Fighting to Control An Unruly Teen

Fighting to Control An Unruly Teen

This entry was posted in Uncategorized. Bookmark the permalink.
  1. The War on Control

    As a teacher for the past eight years, I have noticed a common thread between out of control classroom behavior and disrespectful attitudes at home.  Many parents come into Parent-Teacher conferences feeling discouraged and worn out.  I see parents who feel at their wits ends with their children and feel like they should give in altogether.  Before you throw in the towel, read the five tips below to help repair the fractures within your relationship with your teen.

     Take Back Control

    Many parents have lost control of discipline.  Parents either work unruly hours, share parental responsibilities with an ex, or have never knew how to control behavior modifications to begin with.  If you fall pray to one of the categories above, there is hope to seize control of your chaos. 
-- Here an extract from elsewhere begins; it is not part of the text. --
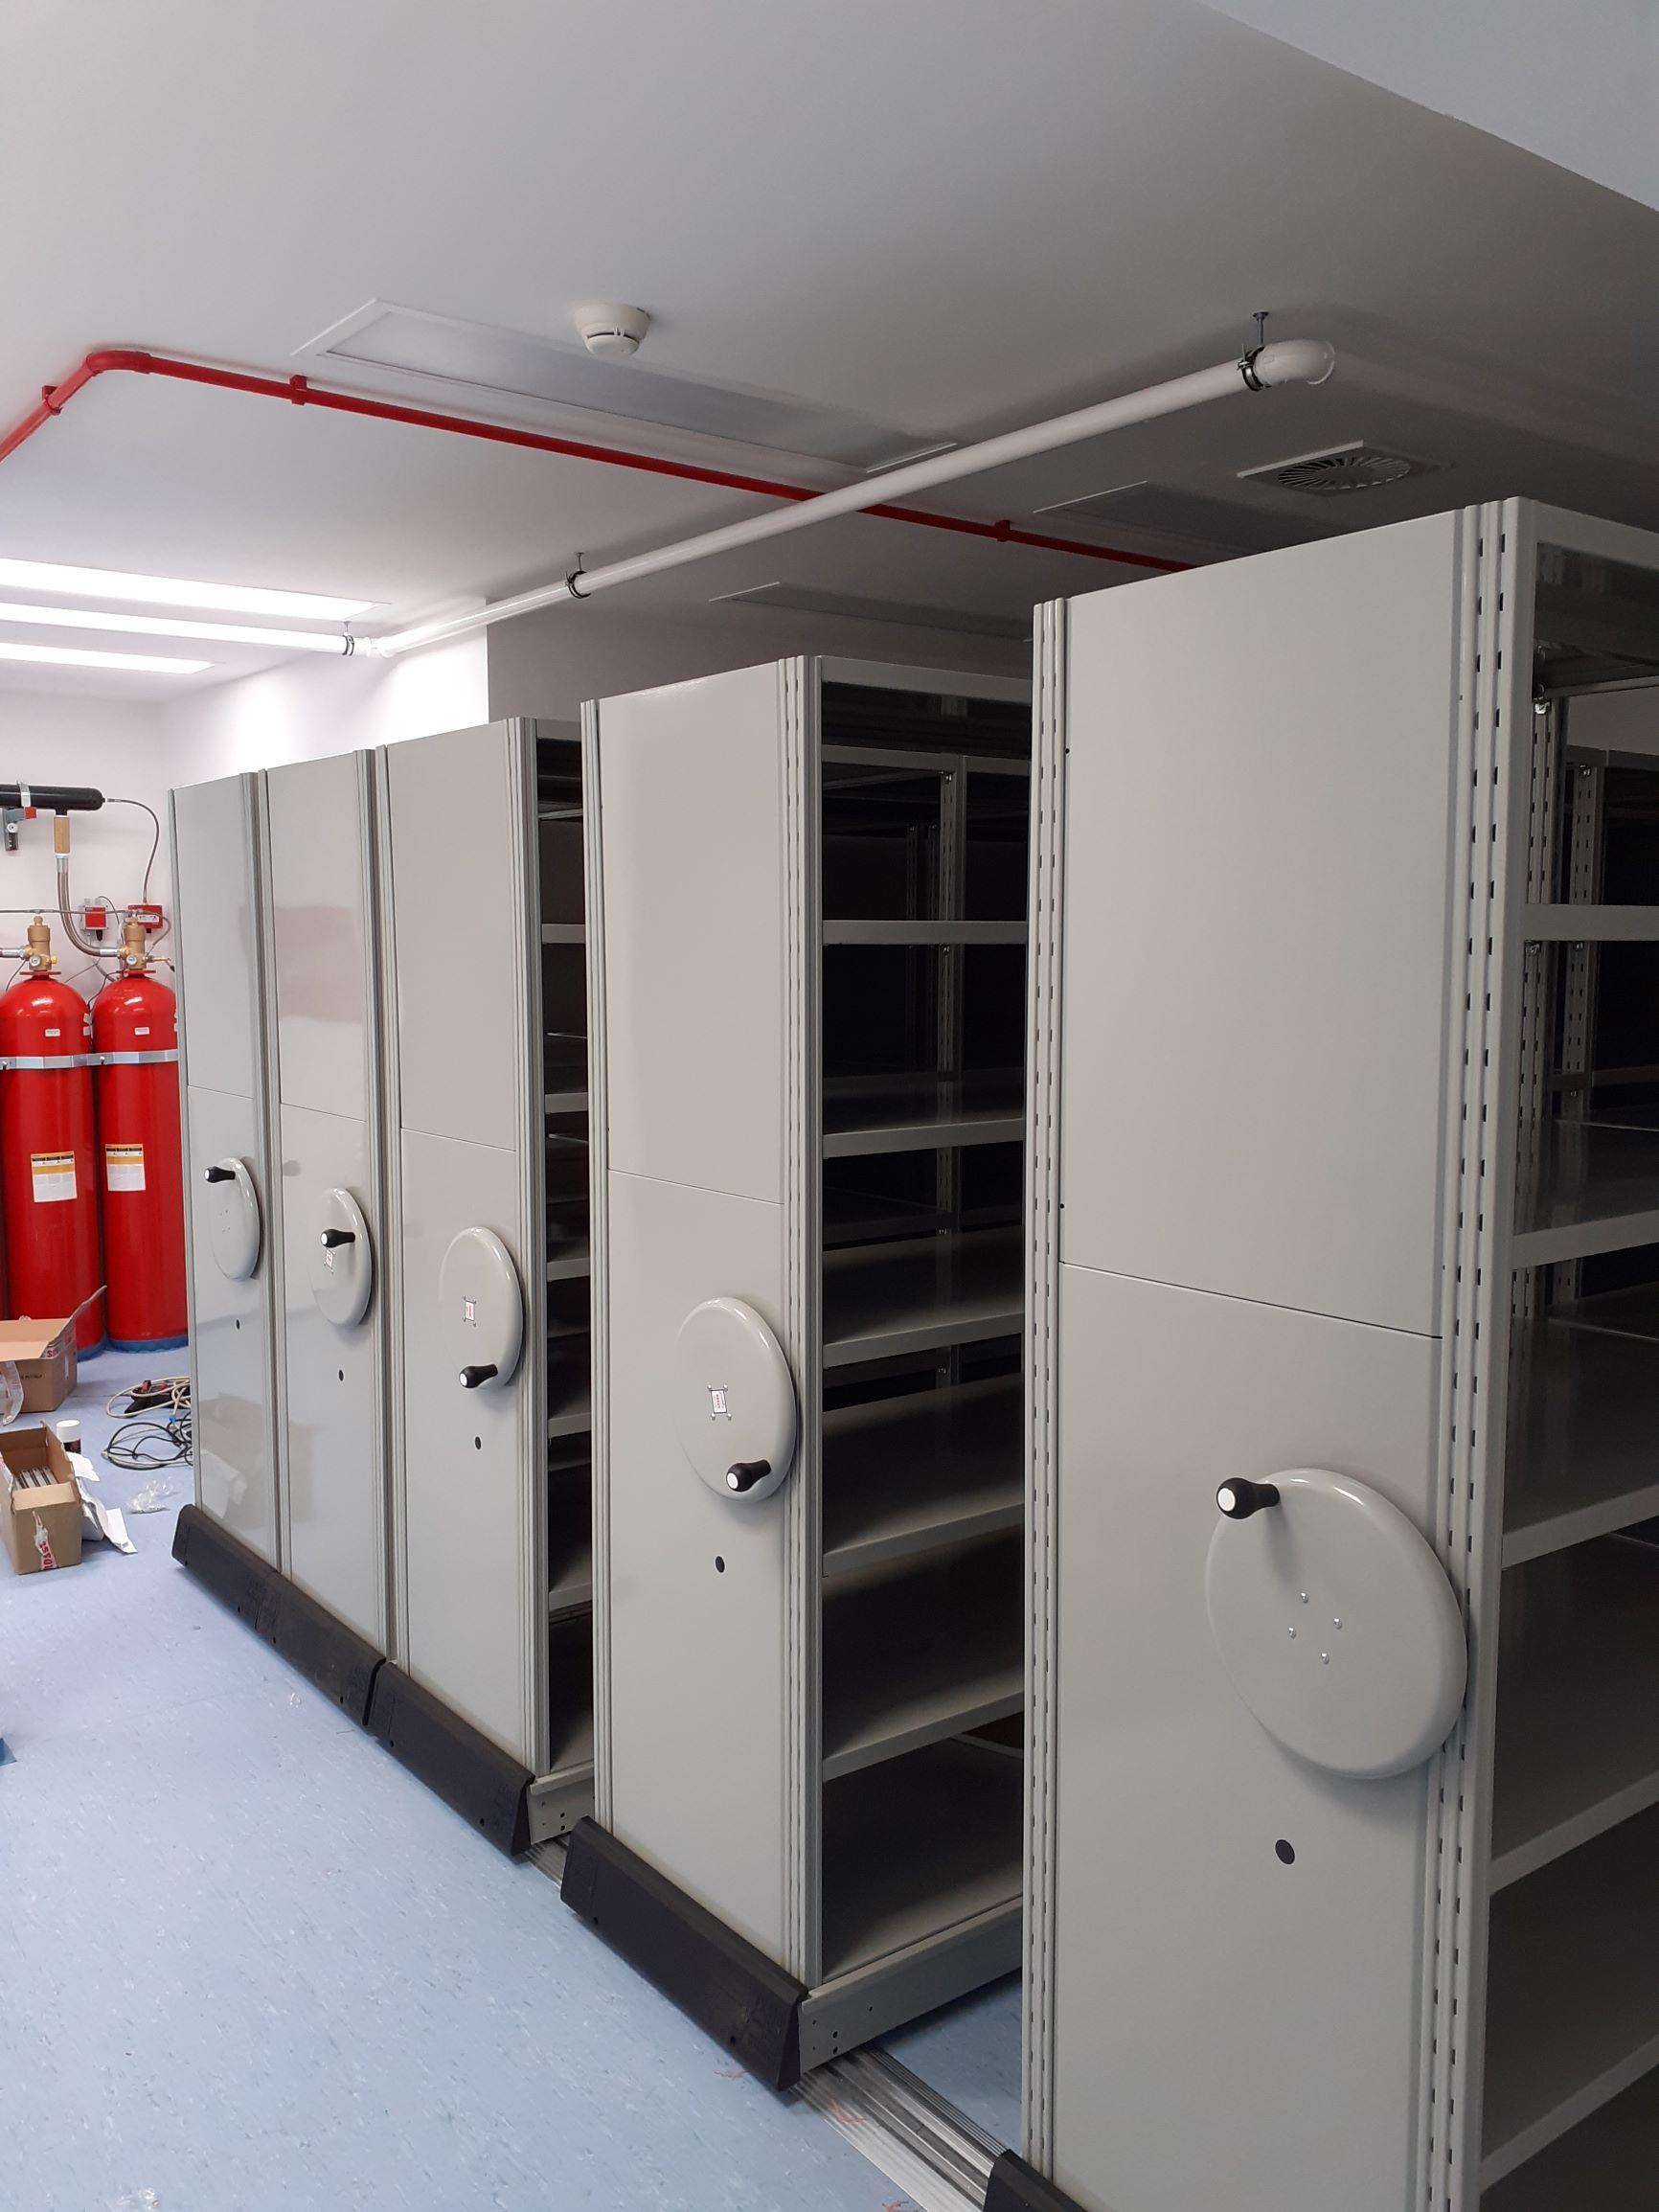 The future repository of the archives at Potočari. Photo: Azir Osmanovic

     Working Hard For the Money

    If you work insane hours, I suggest setting aside a time for the both of you to spend quality time together.  Give your adolescent and hour where he/she can have you all to themselves.  This will help remind them that they are your number one priority, and if done consistently, you both will come to look forward to the time spent together.

     Co-parents

    If you share parental responsibilities, I suggest a solid communication between parents.  Stop bickering over past insults; kids are keen to cracks within their parents’ demeanors, and if they feel that they can turn you both against one another, they will.  It takes the focus off of their disobedient behavior and creates confusion. 
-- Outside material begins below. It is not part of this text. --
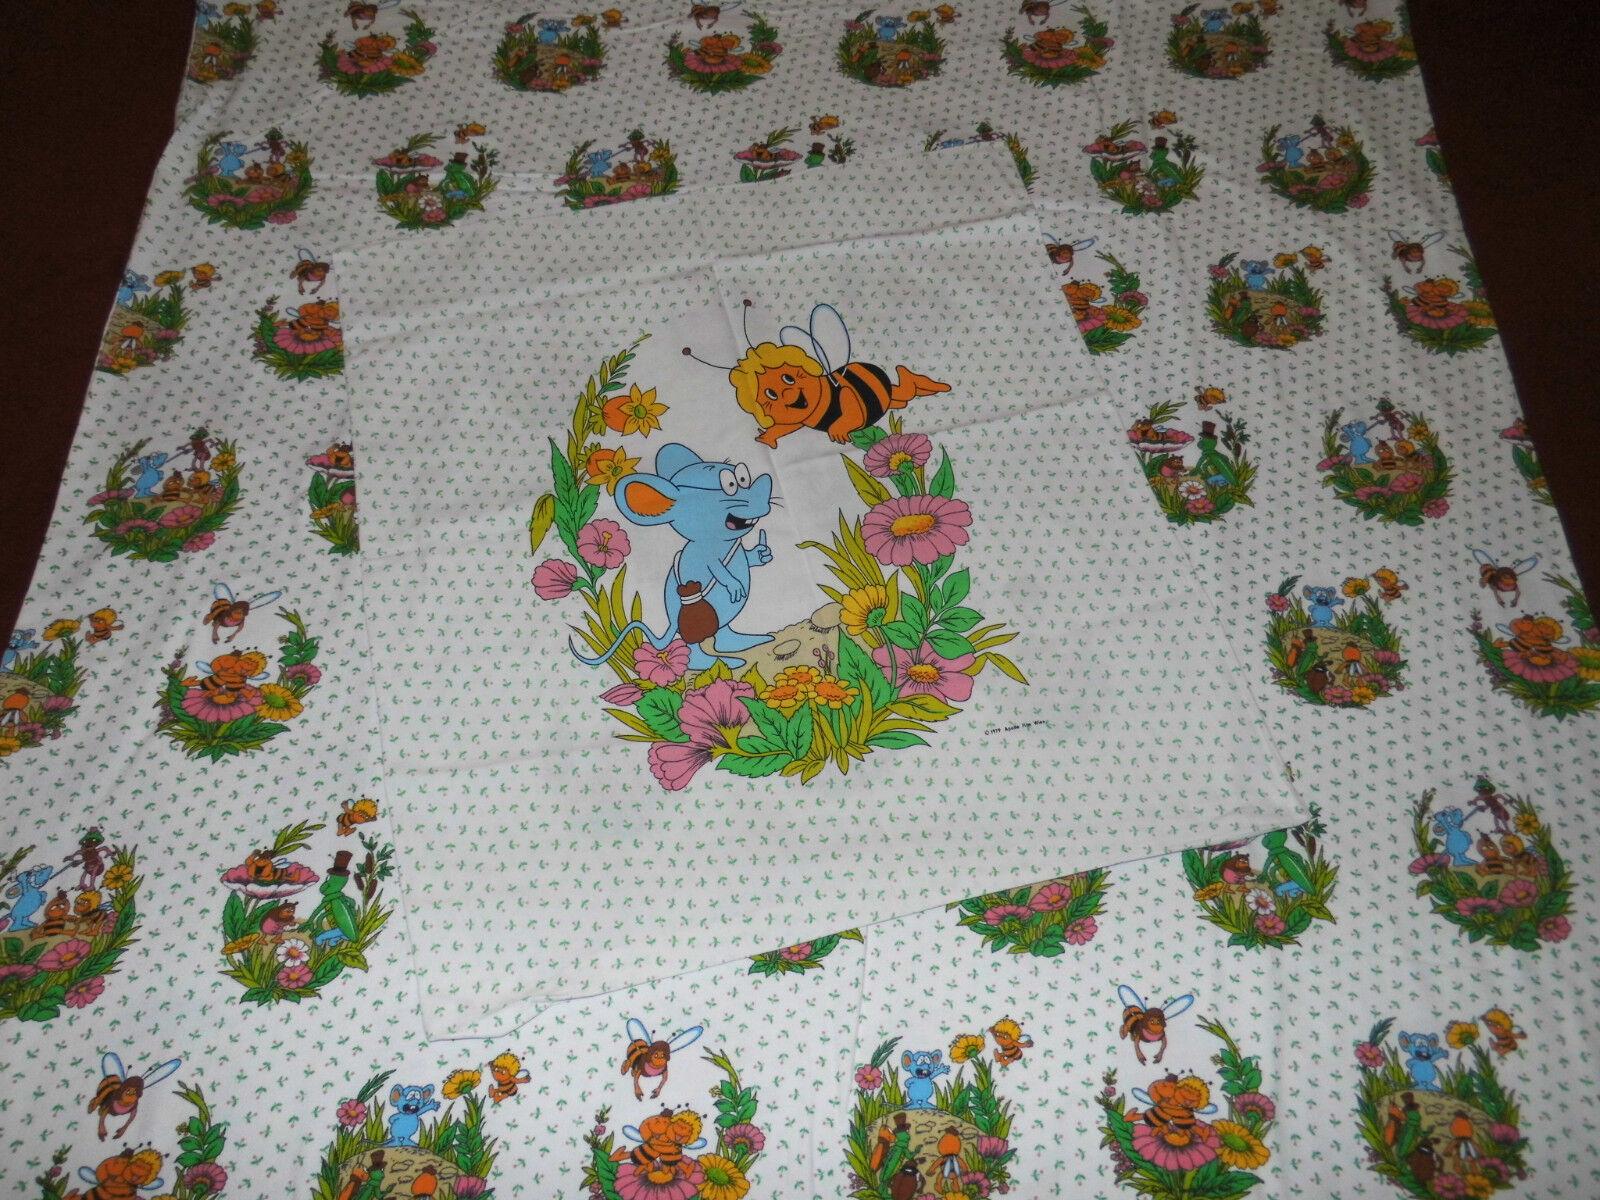 Biene Maja Bettwäsche 70er 80er vintage bedding fabric Maya the bee 70s 80s warm

     Behavior Modifications

    If you have always struggled controlling your child’s behavior, I suggest you institute a behavior modification chart.  This works wonders in my junior high school class room.  Students have a visual reminder of their responsibilities, rewards, and consequences.  The chart should be a graph where a child can see how they are doing daily on tasks that are expected of him/her.  By charting your teen’s behavior consistently you will begin to see a change in his/her overall abilities.

     Example

    Homework

    Dishes

    Laundry

    Nightly Reading

    Attitude

    Completed  🙂

    Completed 🙂

    Incomplete 🙁

    Incomplete 🙁

    Respectful 🙂

     Consistency is Key

    Nothing will change within your relationship with your teen if you are inconsistent.  Find a course of action and stick to it.  I have learned that teen NEED boundaries.  If they do not know what is expected of them, they will create their own expectations.  Remember your teen has enough friends, but he/she only has one group of parents.  Be firm in your convictions, and alter your strategies as you go along.  Saying that you made a mistake goes a long way.  If your plan is not working after one month, change it up, and talk to your teen about why it didn’t work.  If you feel uncomfortable talking to your child, start a corresponding journal where you both can communicate without fear of saying the wrong thing.  As long as you child knows that you are the boss, and that you genuinely care, things will begin to smooth out.